Doctors say, 'Bring him to Colombo', but we are poor and have other
children to look after," said Chandrawathie, wiping a tear,
while she gently rubs Eranda's brow.
The single-room
house is bare except for a few chairs and some pictures but the
sitting room is neat and tidy.
Eranda suffers
from a mystery illness that stunts growth. He needs a packet of
milk every three days, which is beyond the means of this family
with an income of Rs. 2,000 to 3,000 per month. But they cope, with
Chandrawa-thie putting heart and soul into growing vegetables.
If not for the
Anuradha-pura-based Association of Women with Disabilities (AWD),
the family would have been in dire straits. The AWD has not been
able to cure Eranda but has given a helping hand to Chandrawa-thie
to be self-employed while caring for her child.
"When we
first came here, Chandrawathie asked for financial help so that
she could stay at home and look after Eranda. She suggested growing
vegetables," said Naraya-nagedera Kamalawathi, AWD President.
Padaviya, about
260 km from Colombo, is a rice-growing but very impoverished area.

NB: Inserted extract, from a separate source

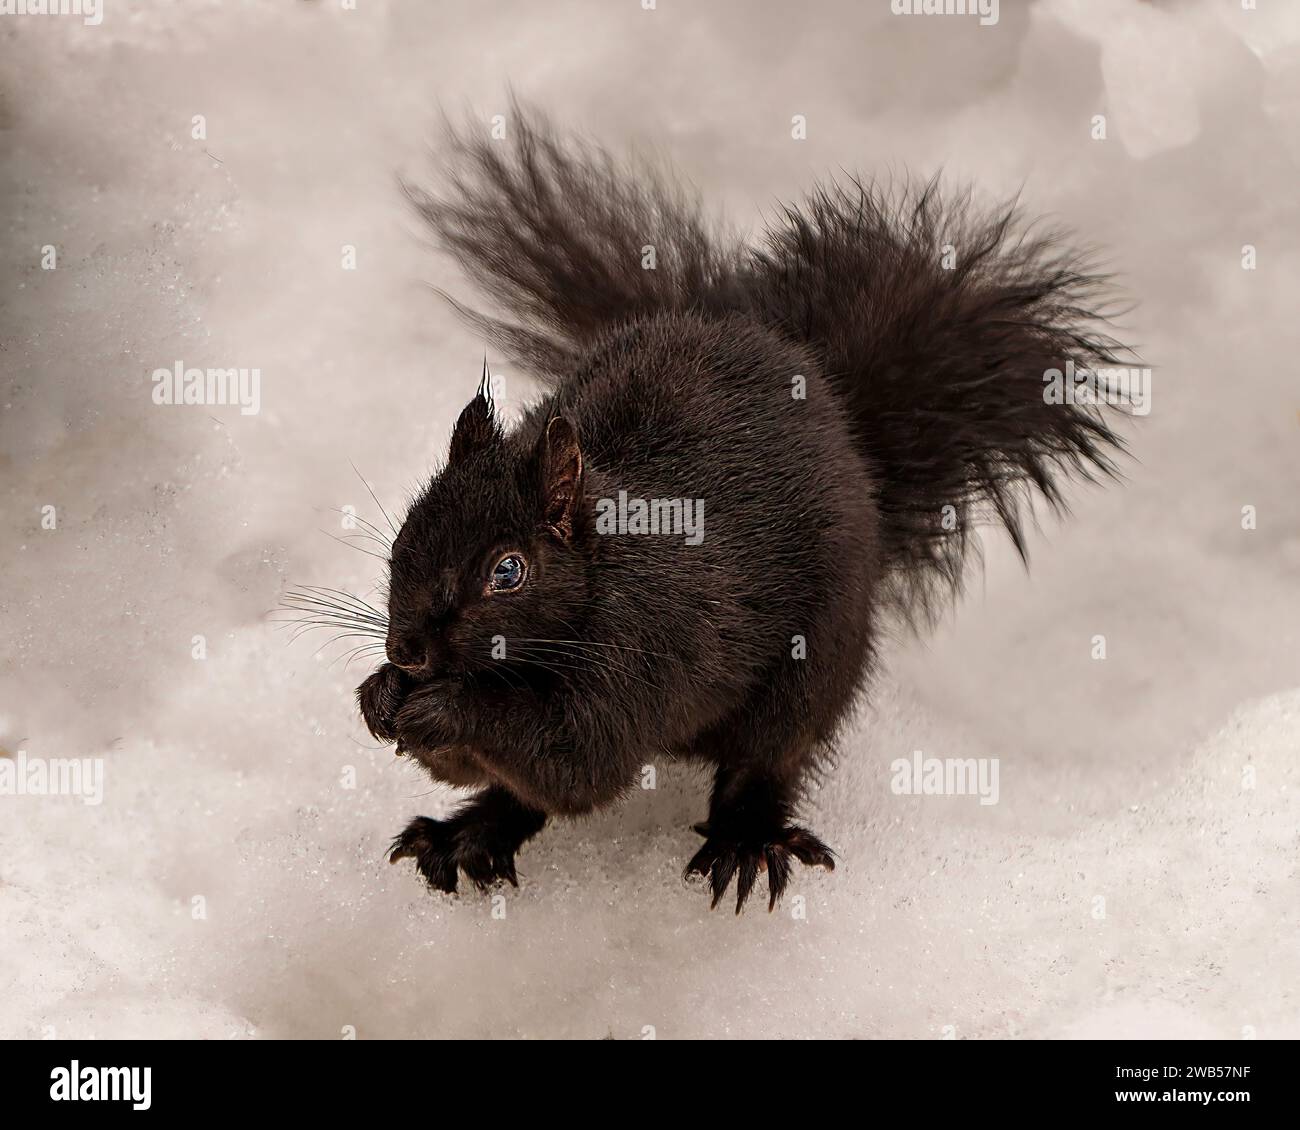 Schwarzes Eichhörnchen aus nächster Nähe im Winter auf Schnee in seiner Umgebung und seinem Lebensraum mit schwarzer Farbe und buschigem Schwanz. Stockfoto

It lies near Pulmoddai and Kokkilai in the east and when the conflict
was raging, villagers woke up every morning to the sound of artillery
fire. Scores have left their homes to live in refugee camps but
come back when the fighting dies down.
"We want
peace. And I think it would last," says disabled Thimbiripolarachchige
Senadheera (23) who has a small carpentry unit outside his wattle-and-daub
hut.
Born with deformed
feet, he used a hand-driven tricycle while schooling.
The youth ran
out of options to take care of his mother and younger sister after
his father died when he was 20. The association then stepped in
and provided a loan of Rs. 5,000 for him to buy tools, as he had
received training in carpentry from a National Youth Service Council
course.
"In addition
to helping disabled women, we also help women whose children are
disabled," noted Palagasinghe Nirosha, an amiable AWD project
officer, who was accompanied by Dissanayake Gunawardene, a project
officer at CARE, on a motorcycle. Nirosha visits 77 recipients of
AWD assistance every week in Padaviya, making sure the self-employment
projects work and also looking into other needs.
Nirosha said
a survey done with the help of Divisional Secretary revealed the
extent of disability in the area. There are people who are deaf,
dumb, blind, crippled or have other physical disabilities. The AWD
has provided loans or seed capital of Rs. 5,000 each to 77 women
in the village of a total of 250 women who are disabled or who have
children with disabilities.
She said the
loans are not repaid to the AWD but to small village committees
who in turn dole out loans to the rest of the 250 women for more
self-employment. "Since women can't go out to work as they
have to care for a child with disabilities, we help them to earn
some money at home," Nirosha said. Senadheera, who can now
ride a normal bicycle despite his disability, heads a small village
committee which acts as a bank. "All the loans we have taken
from the AWD are paid back to this committee which in turn gives
loans to others at one percent interest," he added. The small-time
carpenter makes two beds a month and sells it to villagers, to sustain
his family. The timber is supplied by the client but forest officers
once confiscated his tools, accusing him of cutting timber without
a permit. Then the AWD with the help of local officials came to
his rescue and got the tools returned.
W.G. Ruwanthika
was a quiet child slightly withdrawn but otherwise normal until
she reached the age of 13. One morning, she woke up screaming and
ranting, which continued for three days with her parents trying
out herbal remedies. Nothing worked.
"We did
not treat her for a mental illness because of the social stigma
attached to such illnesses. People in the village said a demon had
taken over her body," said her mother, P.G. Chandrawathie,
adding that her mentally retarded daughter, now 18, can walk but
do nothing else. "I have to feed her, change her clothes and
wash her," she said, as Ruwanthika looked on with a blank expression.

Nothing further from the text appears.